Serbia: Risk Assessment

Country Rating1

Rating: C

Business Climate Rating1

Rating: C

Risk Assessment2

Increased growth in 2011 driven by exports
After the 2009 recession, the economy rebounded only slightly in 2010 owing to low private demand, restricted by wage and retirement pension freezes. The retail and financial intermediation sectors, as well as mining, transport and communication, posted the strongest growth, whereas construction continued to decline. In 2011, the recovery is expected to take hold. Exports, mainly of manufactured goods and food products, will drive growth, while consumption and investment will make more muted progress. Direct foreign investment inflow will gather pace, with the privatisation of public companies Telekom Srbjia and JAT Airways. Growth in mining, financial intermediation, transport and manufacturing is expected to continue. This growth will, however, be limited by restrictive budget policy. Furthermore, continuing high unemployment rates, at almost 20% of the working population, will continue to hinder household consumption.

Budget consolidation within the framework of the IMF agreement
The country has been subject to an IMF agreement since 2008 and the authorities are thus eager to contain the budget deficit and comply with IMF recommendations. In 2010, the deficit objective was achieved thanks to the stabilisation of current spending. In 2011, the deficit is expected to contract further. Privatisations will swell revenues and current spending (salaries and social transfer payments) is expected to stagnate in favour of investment spending. In coming years, the deficit is expected to shrink with public debt stabilising at around 40% of GDP but remaining very sensitive to exchange rate variations and growth shocks.

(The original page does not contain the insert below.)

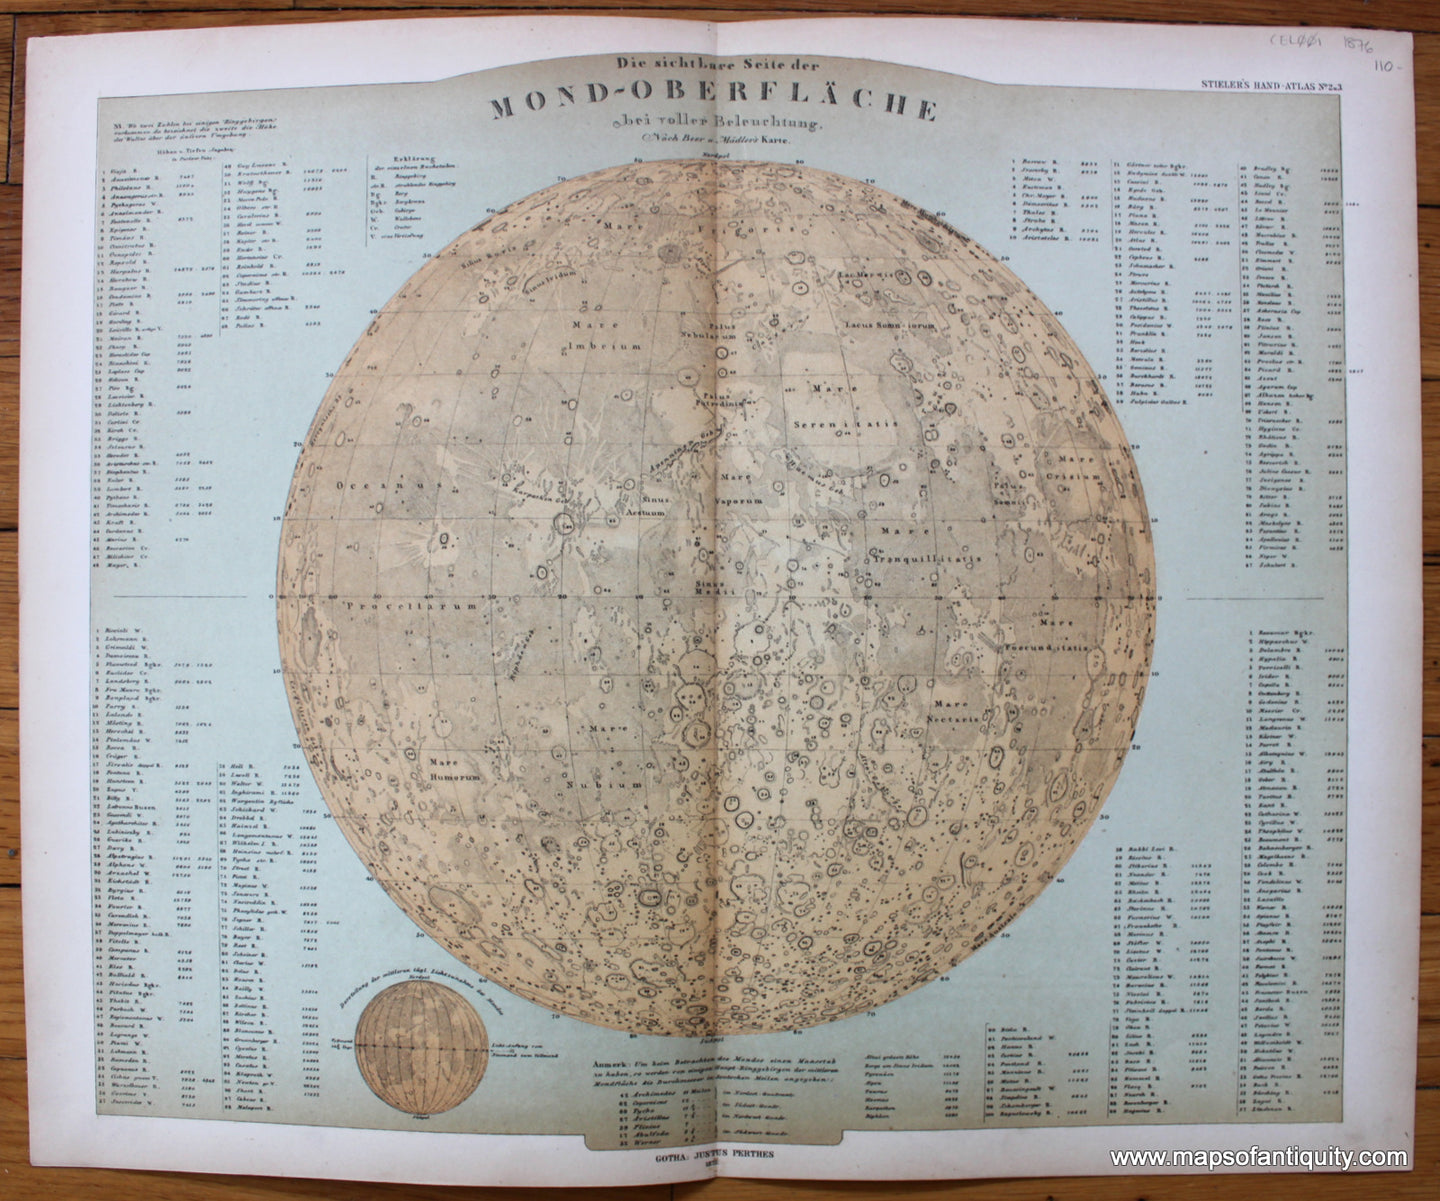 Antique-Map-Die-Sichtbare-Seite-der-Mond-Oberflache-bei-voller-Beleuchtung-Moon-Craters-Stieler-1876-1870s-1800s-19th-century-Maps-of-Antiquity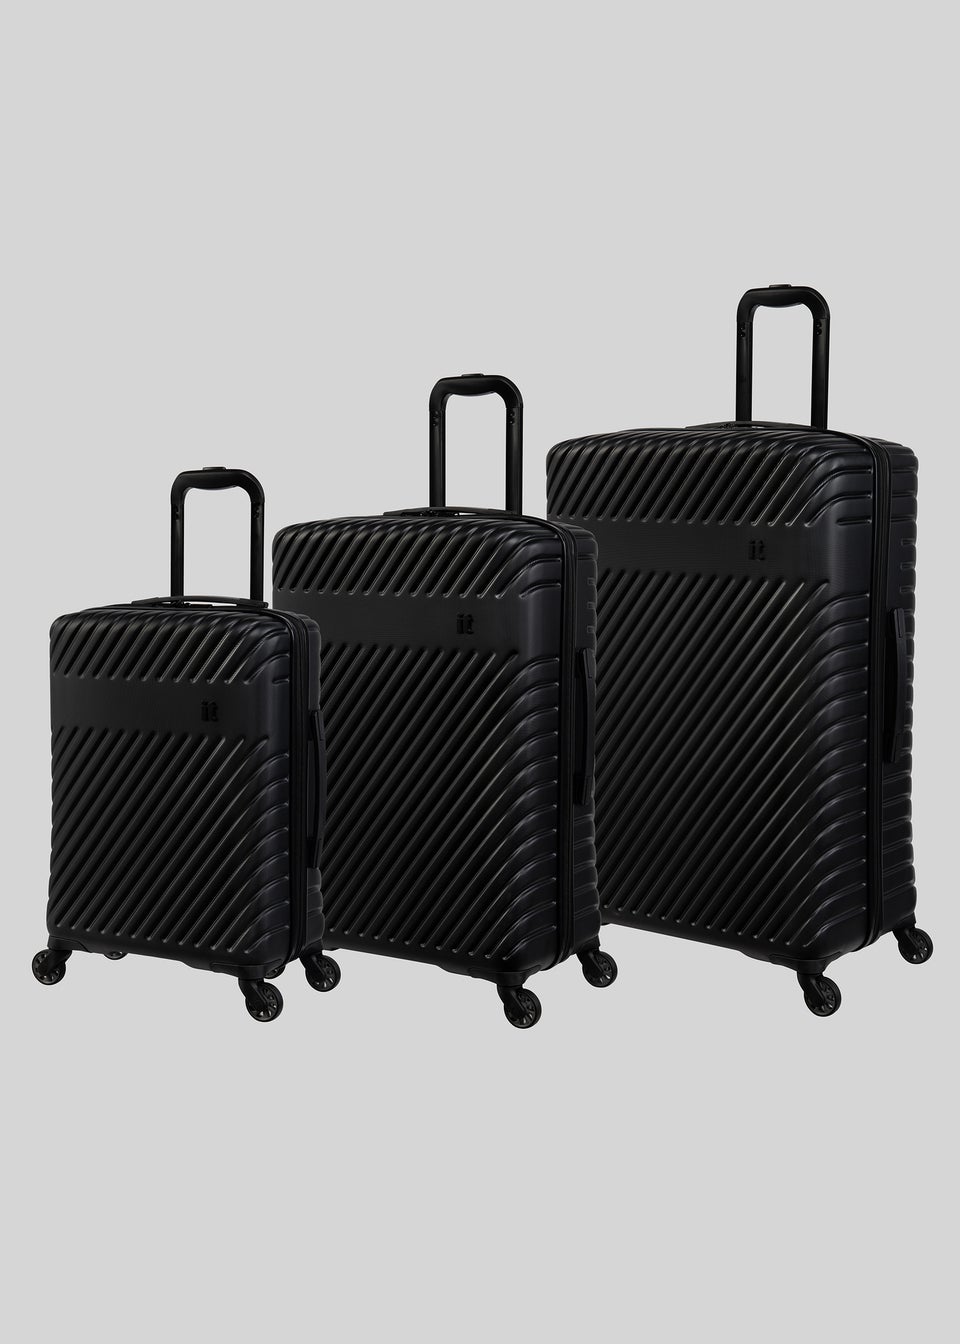 IT Luggage Black Hard Shell Suitcase

High dependence on external financing
The current account is structurally in deficit, due to a lack of competitiveness in certain export sectors and inadequate domestic supply. In 2011, increased exports of metals (particularly steel from the US Steel factory in Smederevo), food products and chemicals will make it possible to compensate for import growth. Direct foreign investment will only meet a small portion of financing needs, and the country will thus have recourse to foreign, mainly private, debt, which has been growing over recent years. The banking sector, which is well-capitalised and which posted satisfactory profitability in 2010, nevertheless has a very open exchange position that makes it vulnerable to external shocks.

Stabilisation of external geopolitical risk
Ten years after the fall of Slobodan Milosevic, a number of political and constitutional changes have taken place. The pro-European coalition, in power since 2008, has worked towards rapprochement with the European Union by moving towards peaceful resolution of disputes with other nations, in particular Kosovo. The country thus won EU candidate status in 2009. Kosovo remains a stumbling block in membership negotiations, however, as Serbia has still not recognised the country. Furthermore, the business environment in Serbia is below average for the region.

Strengths

  • International financial backing and economic recovery thanks to political normalisation and economic openness
  • Reduction in public debt burden due to debt relief measures
  • Consolidated banking system
  • Qualified and competitive workforce
  • Support from donors

 

Weaknesses

  • High financing needs and dependence on external financing
  • Rising corporate external debt
  • Overblown public sector
  • Relations with EU dependent on Serbia’s continued cooperation with the ICTY and on progress made regarding governance
  • Weak governance

1Country and Business Climate Ratings courtesy of Coface (10/2011)
2Risk Assessment and methodology courtesy of Coface (10/2011).